Sometimes, I think my fiancé and I might just be lucky. While that might be (somewhat) true, I also know that he and I were once single and unsure. We’ve had our share of crappy relationships and good ones. We’ve had our share of ‘bang buddies’ and beneficial friends. And when we met, somehow, without being limited by fears (and trust me, there were a lot of them) we decided that our relationship was important enough to take the risks.

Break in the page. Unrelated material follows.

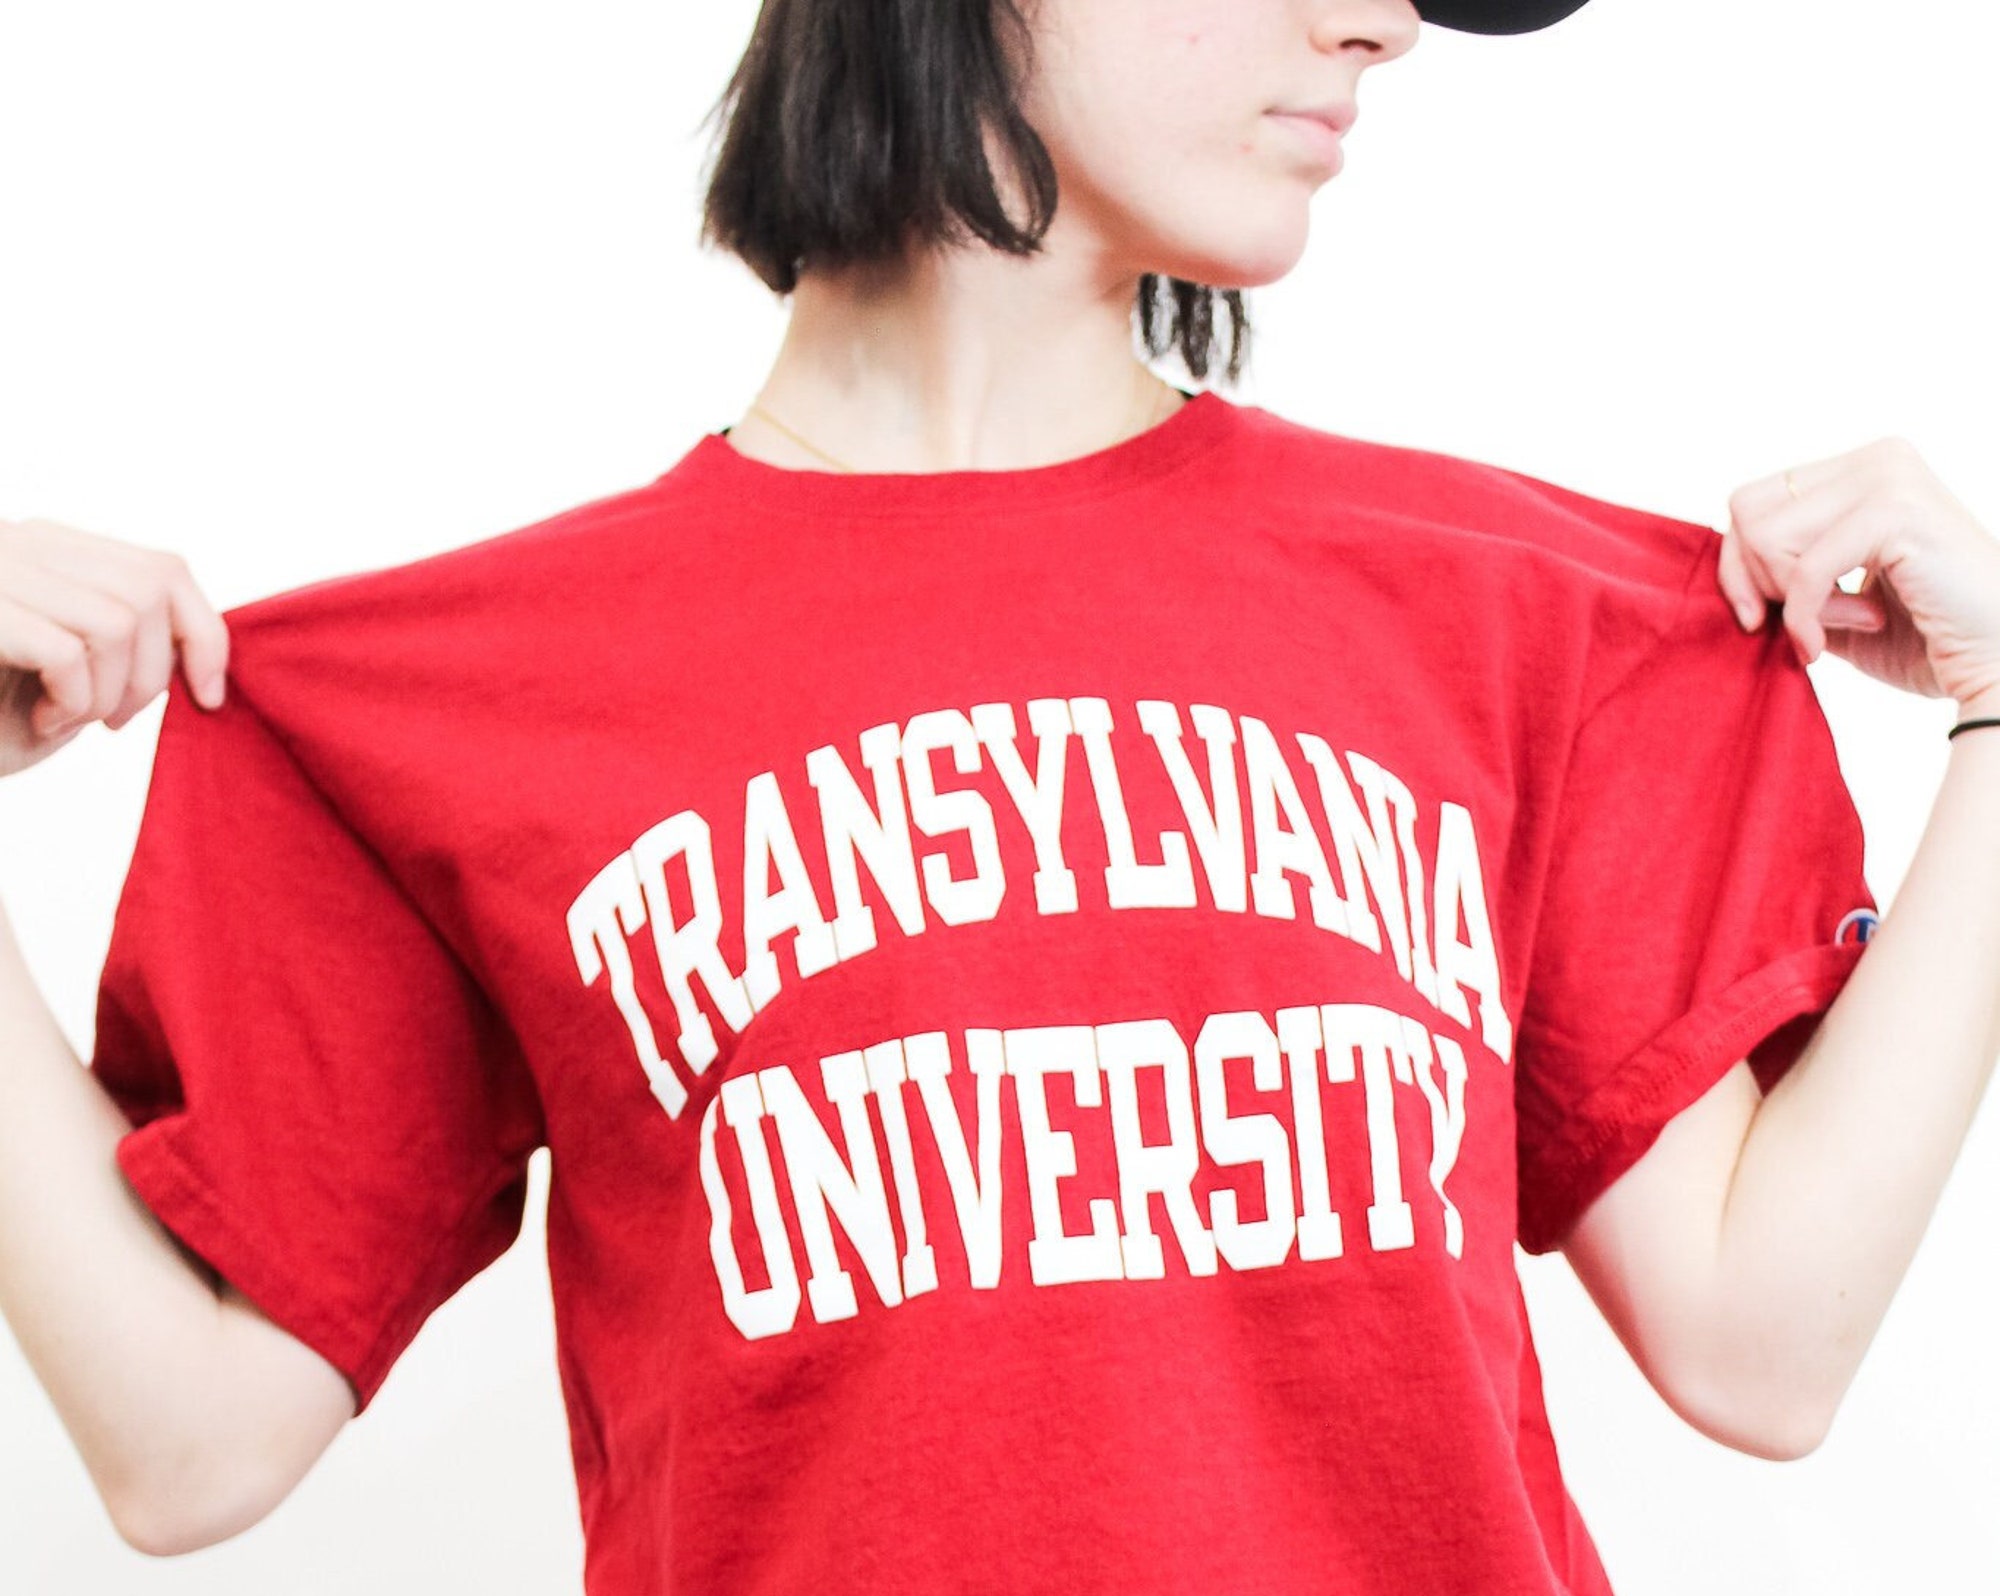 Transylvania University Tee

I guess that leads me to this conclusion: Wifeys, there will always be risk involved when we chose to ‘date’ (or not date?) someone new. From what I can gather, no matter what you decide to call it, each time you connect with someone, you give them a piece of yourself. Some of us are happy to leave scores of those pieces with dozens and dozens of people, and that’s fine! At the bottom of it all, being alive and forming relationships (of any kind) involves questioning and introspection. I don’t know where Izzy’s story ends, but I am certainly glad that she (and others like her) at least take the time to ask themselves what they want and what’s best for them.

In the meantime, I think I am comfortable saying that anti-dating is the new dating.


Deal with it! 😉

Until Next Week,

Carry on Wifeys.


Ms. (soon to Mrs.) Renai

🙂 ❤

*See what I did there…how I still managed to mention my engagement in a post that has little to do with it (or me). You sick of me yet? Hehe.